Екатерина поблагодарила деда Анатолия за помощь и, усевшись у окна, принялась наблюдать за тем, как он готовится к работе. Дед Анатолий быстренько принес в дом кирпичи, размешал глиняный раствор и принялся разбирать подтопок. Дело спорилось легко, старик хорошо знал свое дело. Точными ударами молотка он отбивал от печки кирпичик за кирпичиком, стараясь не повредить ни один из них зазря.

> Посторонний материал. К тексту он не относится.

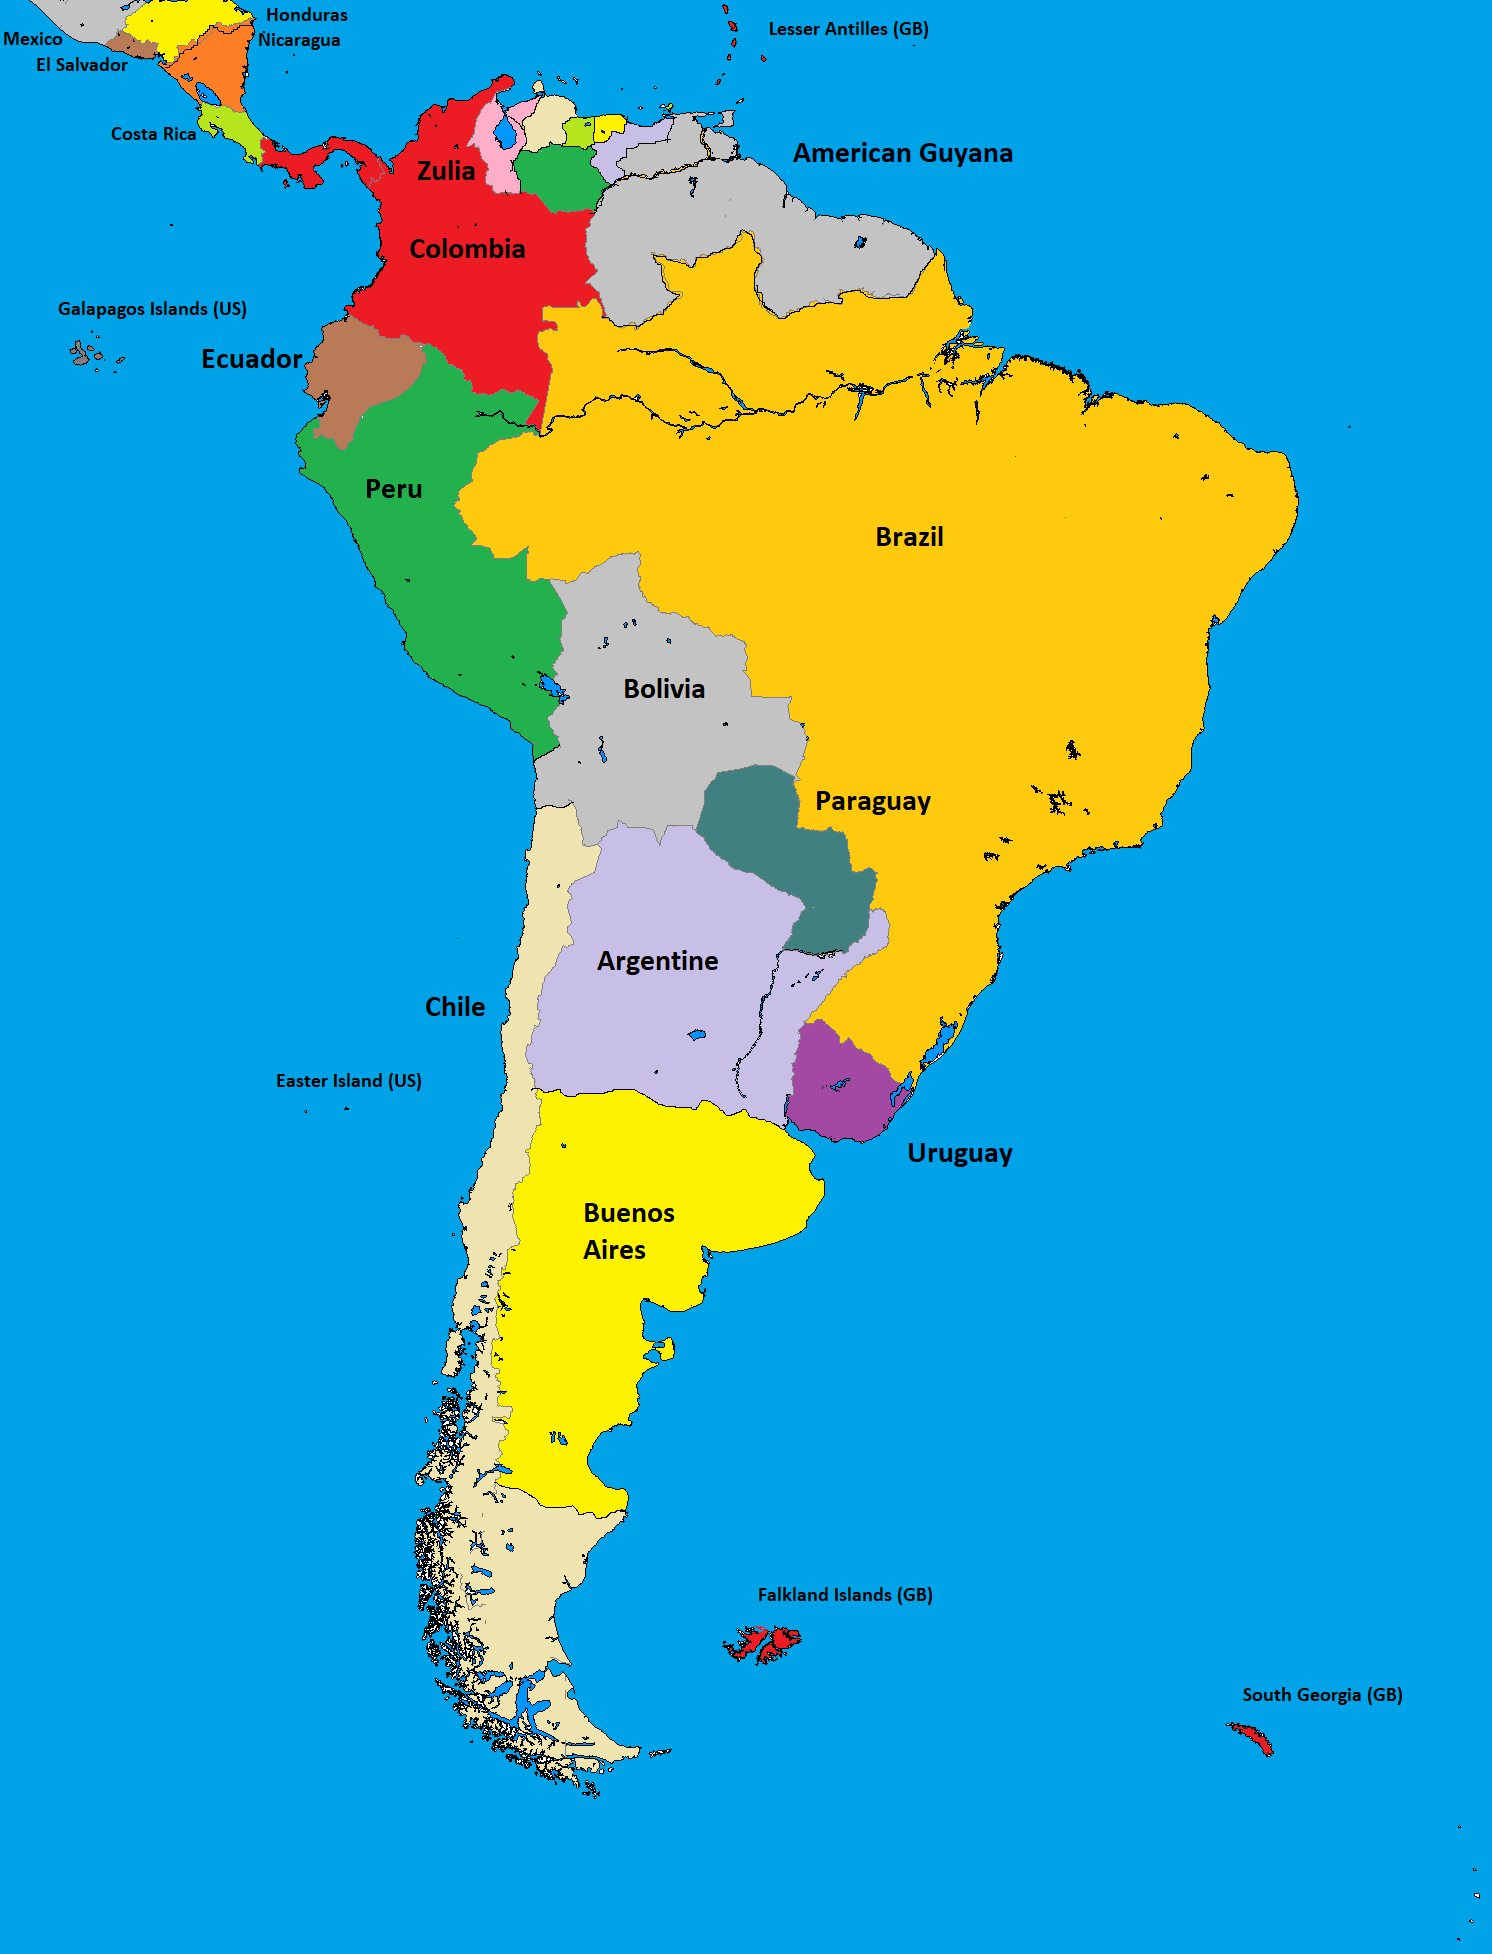 Fenians - Map of South America - 1885.png

— Что-то соседушки давно не видать, — сказала Екатерина, поглядывая в окошко на дом бабы Шуры. Соседка не заходила в гости уже три дня, и Екатерина начала волноваться. Дом старушки выглядел как-то особенно неприглядно и безжизненно на фоне белоснежных сугробов. — Уж не случилось ли с ней чего?
Дед Анатолий с увлечением работал мастерком, щедро набрасывая на кирпичи глиняный раствор, и потому не сразу ответил Екатерине.
— Это какой-такой соседушки? — наконец промолвил он, не поворачивая головы.
— Так бабы Шуры, — с удивлением ответила Екатерина. — Вы ее, случайно, не видали?
Дед Анатолий медленно поднялся и повернулся к Екатерине. Мастерок выпал у него из рук и запачкал пол глиной. Екатерина заметила, как румяное лицо старика буквально на глазах становится бледным как простыня.